Hi. Does anyone know where i can get a copy of Master Paul Fiorini Viele book called Brazilian Jujitsu the ultimate martial art? Has anyone heard of him. He supposedly has a big training center in New York somewhere.It's really important. Thank you!


----------



## pknox (Jan 4, 2004)

Rachel -

Evidently Master Viele runs a company called "World Martial Arts."  He seems to concentrate on videos and DVD's on the site - I wasn't able to find any info on his book there.  Here is his contact info as listed on the company's website:

World Martial Arts LTD
PO Box 69
Victor, NY 14564
Phone: 1-800-682-9842
Direct Line: 1-585-742-8095
Fax: 1-585-396-3338
E-mail: service@groundfighter.com 

I would try contacting him - I would guess that if anyone has a shot at getting you the book, it would be the author.


----------



## rachel (Jan 4, 2004)

Thank you very much. I'll let you know what happens.


----------



## pknox (Jan 4, 2004)

You're very welcome.  Good luck, and I hope you find it.  Now I think I'm going to see if I can talk my wife into letting me order the set of Mike Swain's Newaza tapes off of that site.


----------



## rachel (Jan 8, 2004)

I called the number you gave and they told me the book is out of print. I tried looking on e bay and no luck. Oh well. I appreciate the info you gave though. Did you talk your wife into letting you get the videos?I hope so.


----------



## pknox (Jan 8, 2004)

Not yet.  Still working on it.  She's one of those ladies where the gradual approach is the best bet. 
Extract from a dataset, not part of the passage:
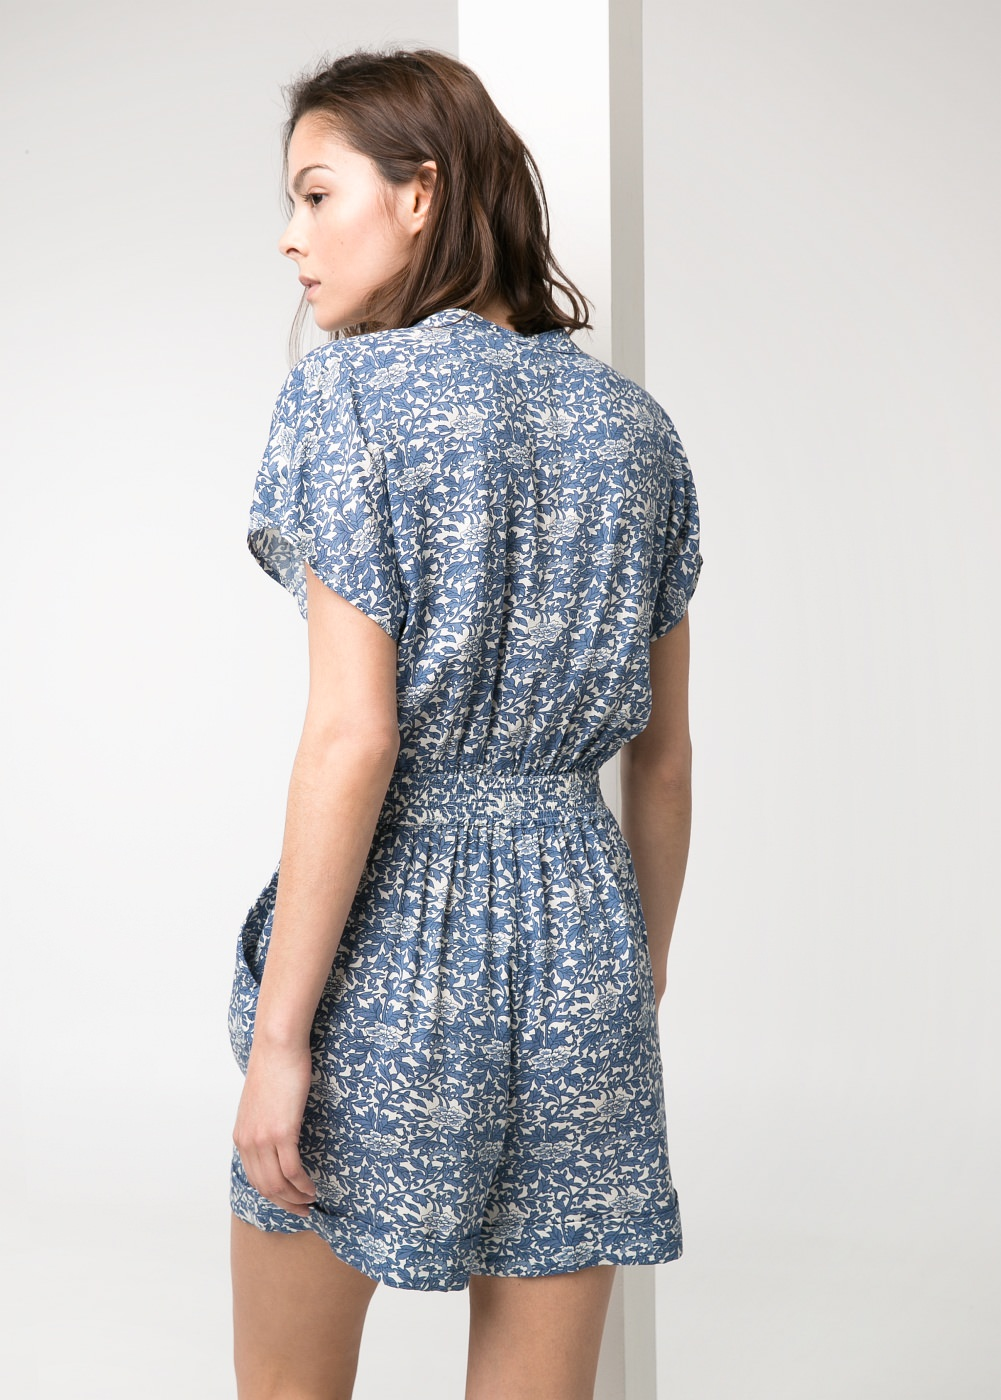 Printed short jumpsuit -  Dresses - Women - MANGO

Does the book come up on Amazon?  Sometimes they can do surprisingly well when it comes to finding out-of-print titles.  In addition, try calling some of your local "used and rare" bookshops (should be in the yellow pages, probably under "Books - Used and Rare"), as they may be able to point you in the right direction; they specialize in developing contacts to find stuff like this.  I've also had some luck with this site in the past, when I was trying to find some old titles:

http://www.powells.com


Good luck!


----------